The script showcases how to keep the categorical data encoding consistent across training and inference. There are many ways to attain the same goal, this script can be used as a starting point.

See Also

from typing import List, Tuple

import numpy as np
import pandas as pd
from sklearn.compose import make_column_selector, make_column_transformer
from sklearn.model_selection import train_test_split
from sklearn.pipeline import make_pipeline
from sklearn.preprocessing import OrdinalEncoder

import xgboost as xgb


def make_example_data() -> Tuple[pd.DataFrame, pd.Series, List[str]]:
    """Generate data for demo."""
    n_samples = 2048
    rng = np.random.default_rng(1994)

    # We have three categorical features, while the rest are numerical.
    categorical_features = ["brand_id", "retailer_id", "category_id"]

    df = pd.DataFrame(
        np.random.randint(32, 96, size=(n_samples, 3)),
        columns=categorical_features,
    )

    df["price"] = rng.integers(100, 200, size=(n_samples,))
    df["stock_status"] = rng.choice([True, False], n_samples)
    df["on_sale"] = rng.choice([True, False], n_samples)
    df["label"] = rng.normal(loc=0.0, scale=1.0, size=n_samples)

    X = df.drop(["label"], axis=1)
    y = df["label"]

    return X, y, categorical_features


def native() -> None:
    """Using the native XGBoost interface."""
    X, y, cat_feats = make_example_data()

    X_train, X_test, y_train, y_test = train_test_split(
        X, y, random_state=1994, test_size=0.2
    )

    # Create an encoder based on training data.
    enc = OrdinalEncoder(handle_unknown="use_encoded_value", unknown_value=np.nan)
    enc.set_output(transform="pandas")
    enc = enc.fit(X_train[cat_feats])

    def enc_transform(X: pd.DataFrame) -> pd.DataFrame:
        # don't make change inplace so that we can have demonstrations for encoding
        X = X.copy()
        cat_cols = enc.transform(X[cat_feats])
        for i, name in enumerate(cat_feats):
            # create pd.Series based on the encoder
            cat_cols[name] = pd.Categorical.from_codes(
                codes=cat_cols[name].astype(np.int32), categories=enc.categories_[i]
            )
        X[cat_feats] = cat_cols
        return X

    # Encode the data based on fitted encoder.
    X_train_enc = enc_transform(X_train)
    X_test_enc = enc_transform(X_test)
    # Train XGBoost model using the native interface.
    Xy_train = xgb.QuantileDMatrix(X_train_enc, y_train, enable_categorical=True)
    Xy_test = xgb.QuantileDMatrix(
        X_test_enc, y_test, enable_categorical=True, ref=Xy_train
    )
    booster = xgb.train({}, Xy_train)
    booster.predict(Xy_test)

    # Following shows that data are encoded consistently.
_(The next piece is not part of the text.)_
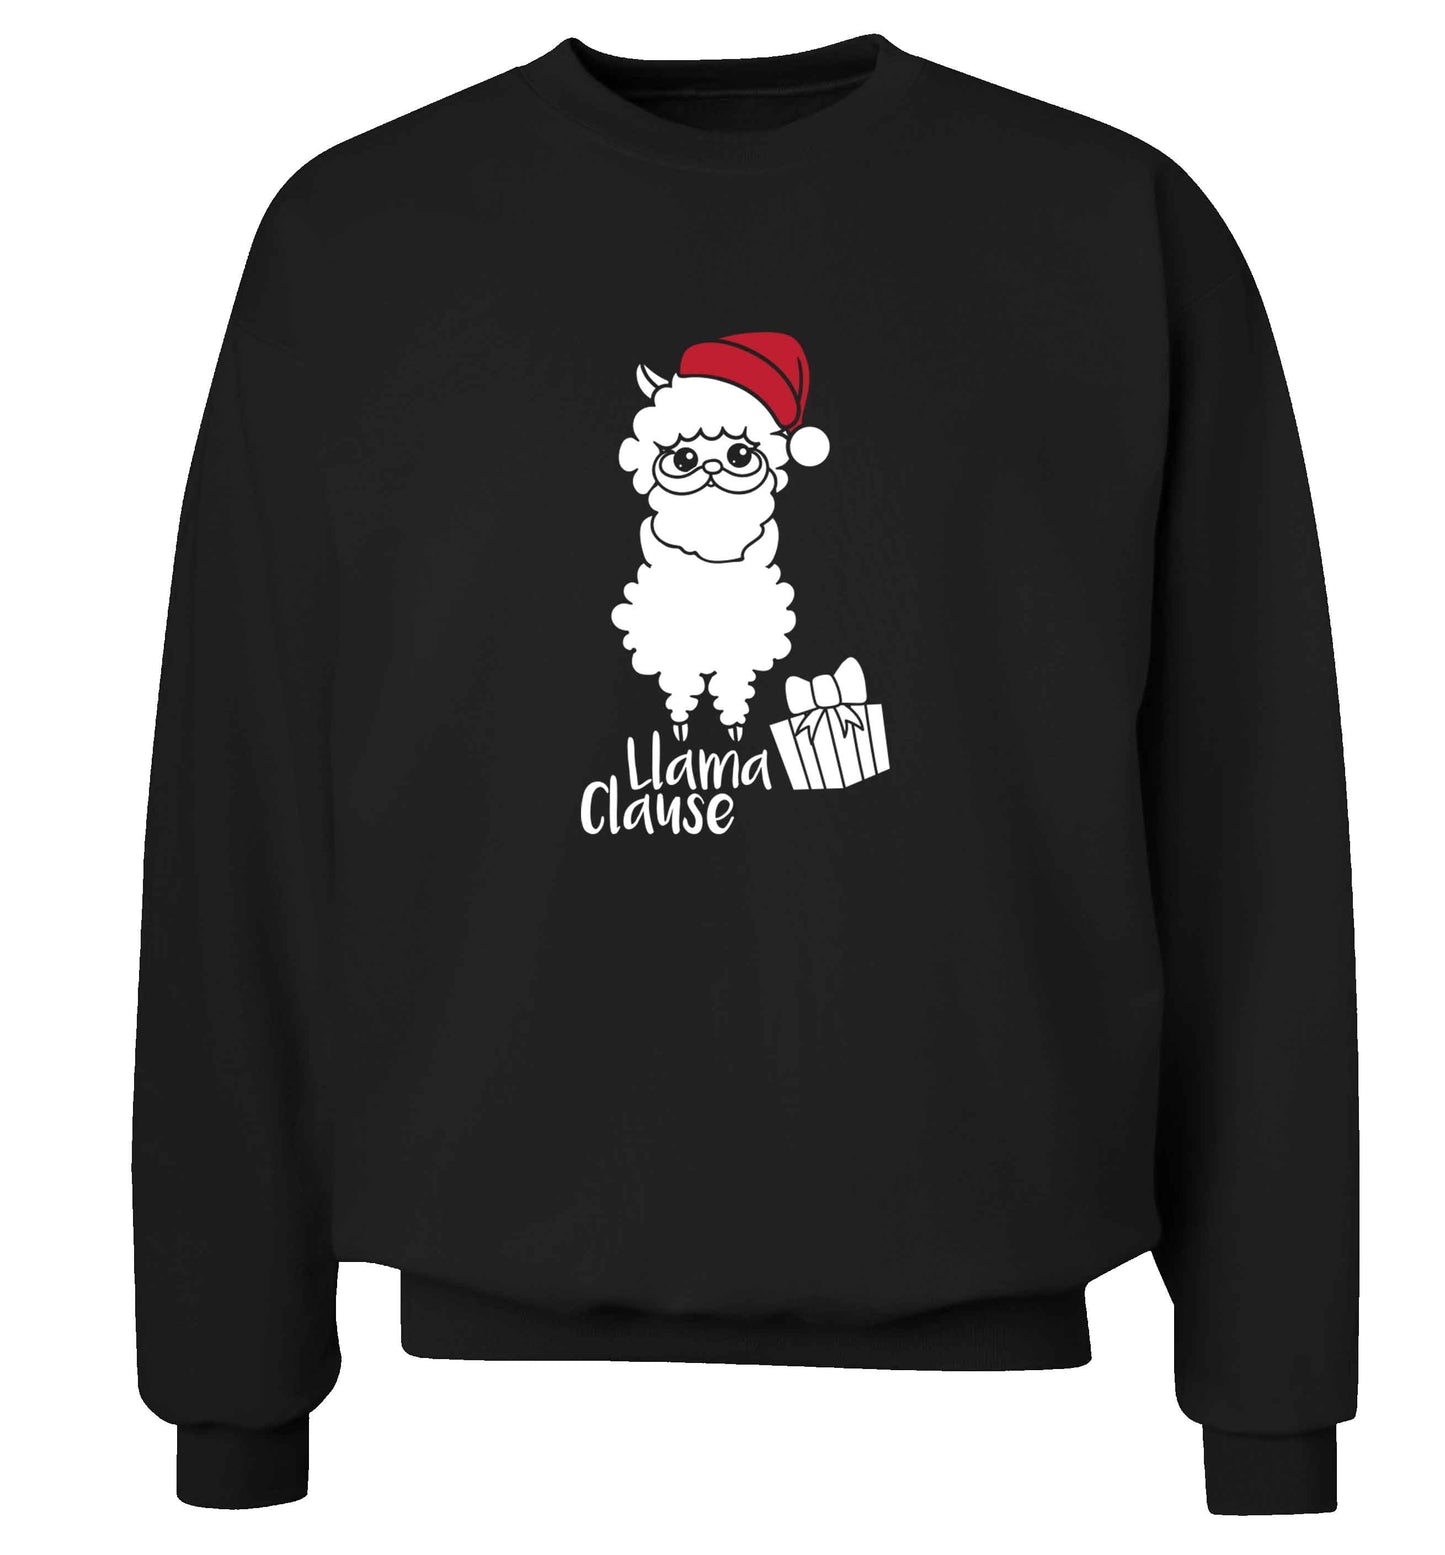 Llama Clause adult's unisex black sweater 2XL
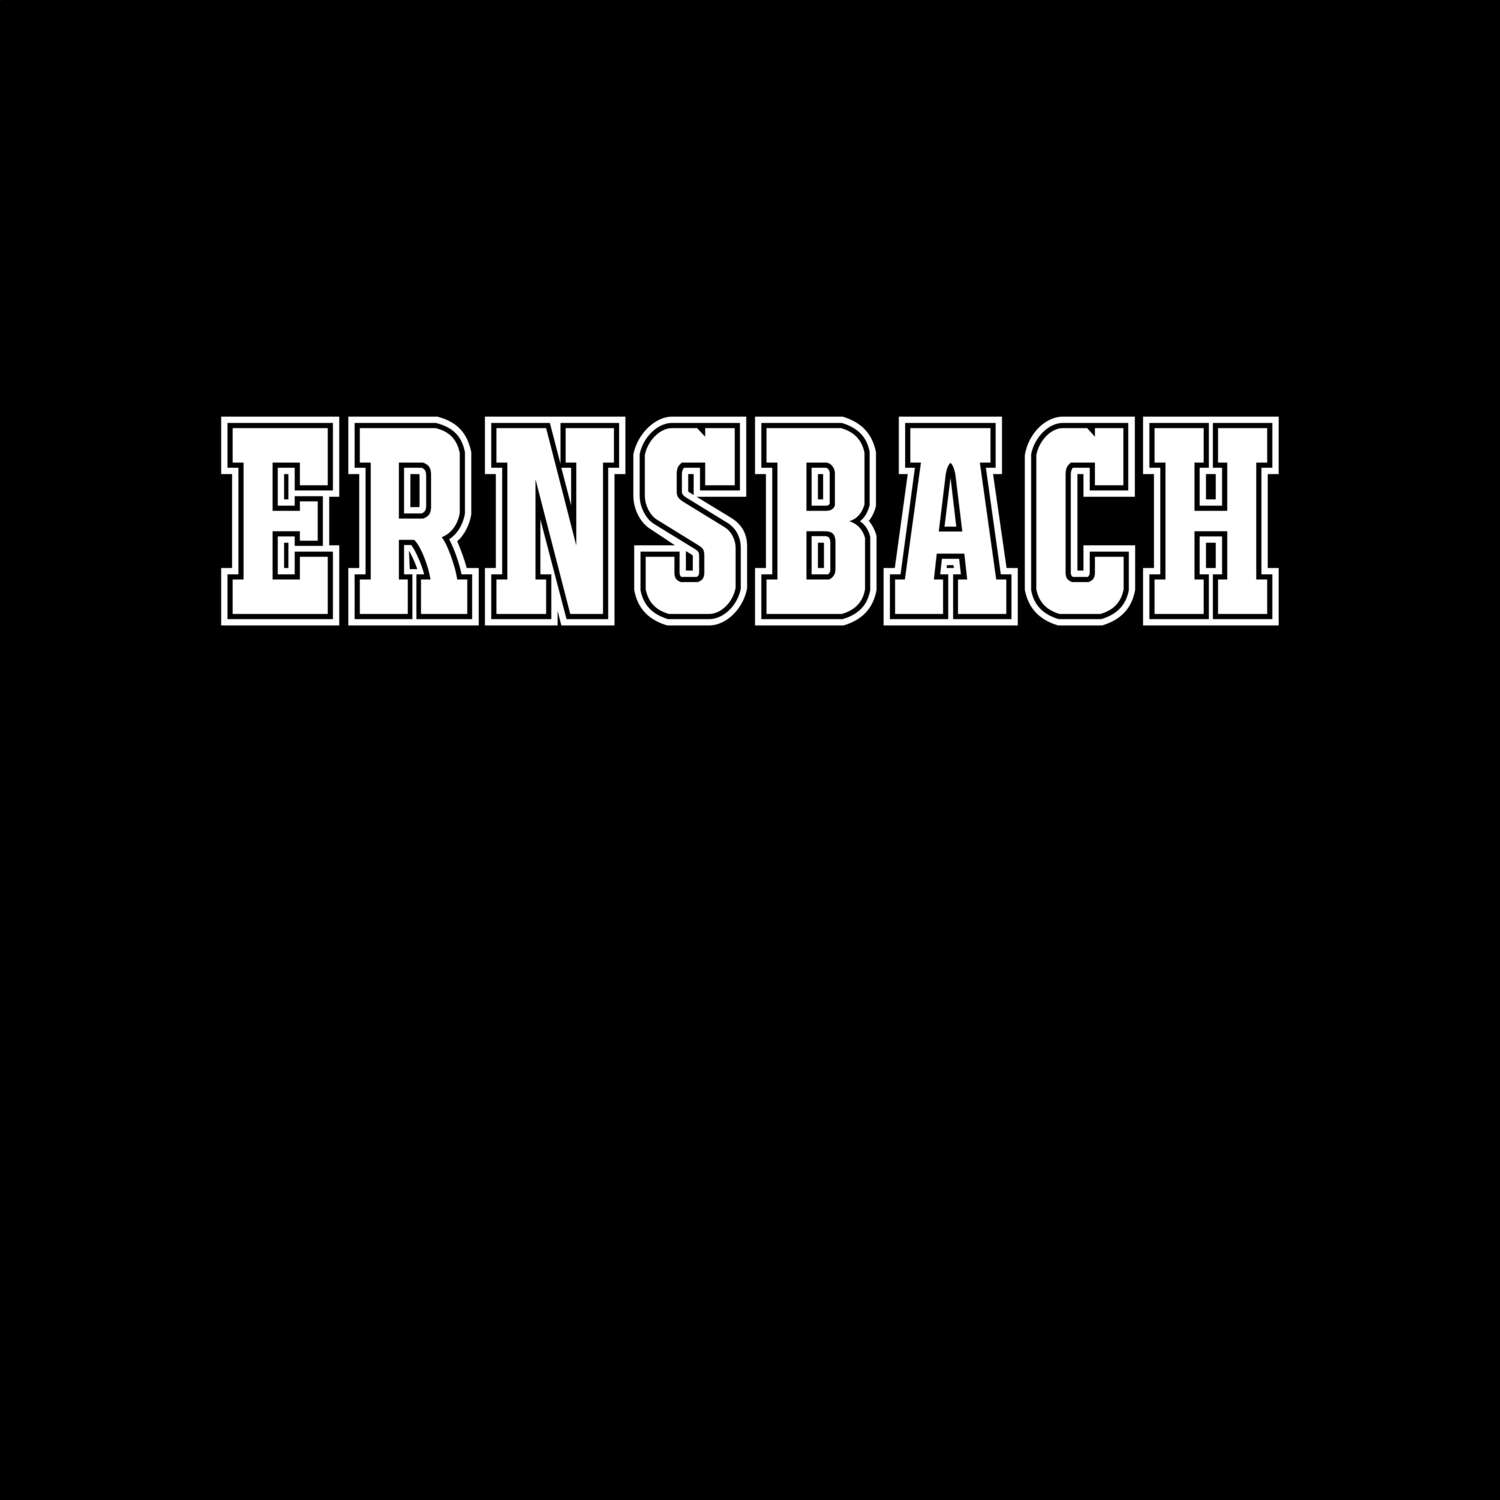 Ernsbach T-Shirt »Classic«

    # We first obtain result from newly encoded data
    predt0 = booster.inplace_predict(enc_transform(X_train.head(16)))
    # then we obtain result from already encoded data from training.
    predt1 = booster.inplace_predict(X_train_enc.head(16))

    np.testing.assert_allclose(predt0, predt1)


def pipeline() -> None:
    """Using the sklearn pipeline."""
    X, y, cat_feats = make_example_data()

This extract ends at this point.